The cryptic-looking "nv up ei pl nz na po nc" letter combinations reveal the current contents of the FLAGS register. Because it is a bitmask, the bits in FLAGS are displayed (as above) according to their meaning, and not as a number. "nz" means "not zero" (zero flag not set), "po" means "parity odd", "nc" is "no carry" (carry flag not set), and so on for roughly 20 different flags (the debugger's 'r' command doesn't display all 20).

Individual bits within that register are set or cleared for specific reasons, including comparison operations. For example, if the result of a comparison between EAX and EBX deduces that they contain the same value, the "zero flag" within the FLAGS register is set to TRUE (1) - there is zero difference between them. Subsequently, a JZ (jump if zero flag set) instruction may cause the execution to continue at a different point in code which is there to deal with the implications of those two numbers being equal.
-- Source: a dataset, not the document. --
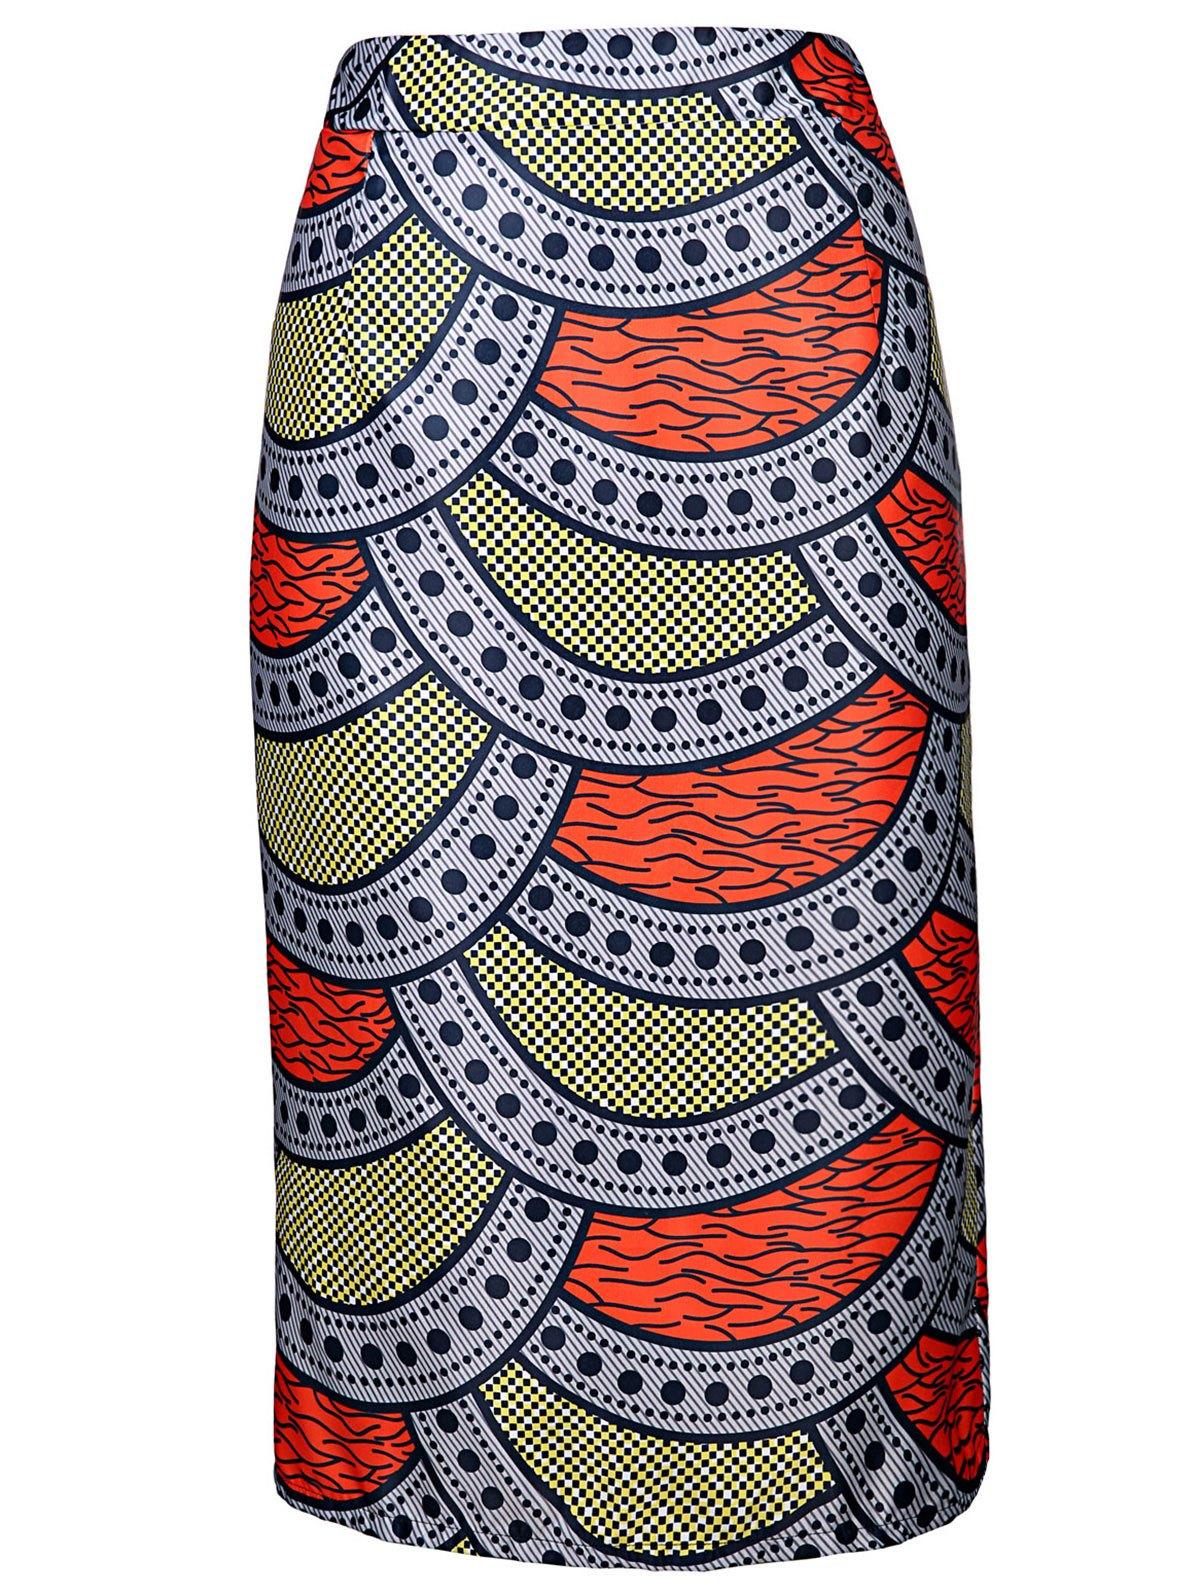 High-Waisted Printed Pencil Skirt

That is an example of conditional branching which is the cornerstone of computing - it was theorised about by Charles Babbage in the 19th century.

Here is what a typical series of processor instructions looks like, "unassembled" using the debugger's 'u' command (I added the comments in green):

8052701c mov eax,edi // MOVe contents of EDI into EAX (copy them)
8052701e lea ecx,[eax+1] // Load Effective Address, here simply setting ECX = EAX +1
80527021 mov dl,byte ptr [eax] // MOVe contents of byte pointed at by EAX into the beginning of the D register.
80527023 inc eax // INCrement EAX by one

This is the only "language" that a processor understands. The vast majority of NTOSKRNL, user32.dll, ntdll.dll, and all other executable files consists of incredibly complex and intricate series of similar instructions which are usually translated ("compiled") from an original source written in a higher-level programming language such as C.

By initiating the execution of such a series of instructions at a given starting point, a "thread" (of execution) is brought into temporary existence. Each processor core is capable of following the instructions of only one such thread at any given time. Once every 15 milliseconds, the OS makes a decision as to whether it is appropriate to allow a different thread to have its slice of processor time, called "pre-empting" the currently running thread, or whether the current thread should be allowed to continue. By quickly swapping between many different threads in that manner, the OS makes it look like several things are happening at once, although in reality the number of things (threads) happening concurrently is exactly equal to the number of processor cores.

In order to temporarily suspend a thread in favour of another one, the OS must be able to record the current state of each of the processor registers for the thread being suspended. Later, when the suspended thread is to be reanimated, the previously saved register values for that thread are restored into corresponding processor registers, and execution is allowed to resume exactly at the point where it was previously suspended. The thread is not aware of being parked aside occasionally; from its point of view, it is merely executing a sequence of instructions until the end of the sequence is encountered.

A CONTEXT structure is used by the OS to store (in memory) the register values for a given thread. We can use the debugger's 'dt' ("dump type") command to see the members of the CONTEXT struct:

kd> dt nt!_CONTEXT
+0x000 ContextFlags : Uint4B
... omitted for clarity...
+0x09c Edi : Uint4B
+0x0a0 Esi : Uint4B
+0x0a4 Ebx : Uint4B
+0x0a8 Edx : Uint4B
+0x0ac Ecx : Uint4B
+0x0b0 Eax : Uint4B
+0x0b4 Ebp : Uint4B
+0x0b8 Eip : Uint4B
+0x0bc SegCs : Uint4B
+0x0c0 EFlags : Uint4B
+0x0c4 Esp : Uint4B
+0x0c8 SegSs : Uint4B
+0x0cc ExtendedRegisters : [512] UChar

The computer's memory normally contains many instances of the CONTEXT struct, each of which pertains to a single thread. A bugcheck minidump contains (at least) the context of the thread that caused the crash - i.e. the content of the processor's registers at the point where the crash condition was detected. That information can subsequently be used by developers for the purpose of understanding the code-level reasons behind a crash.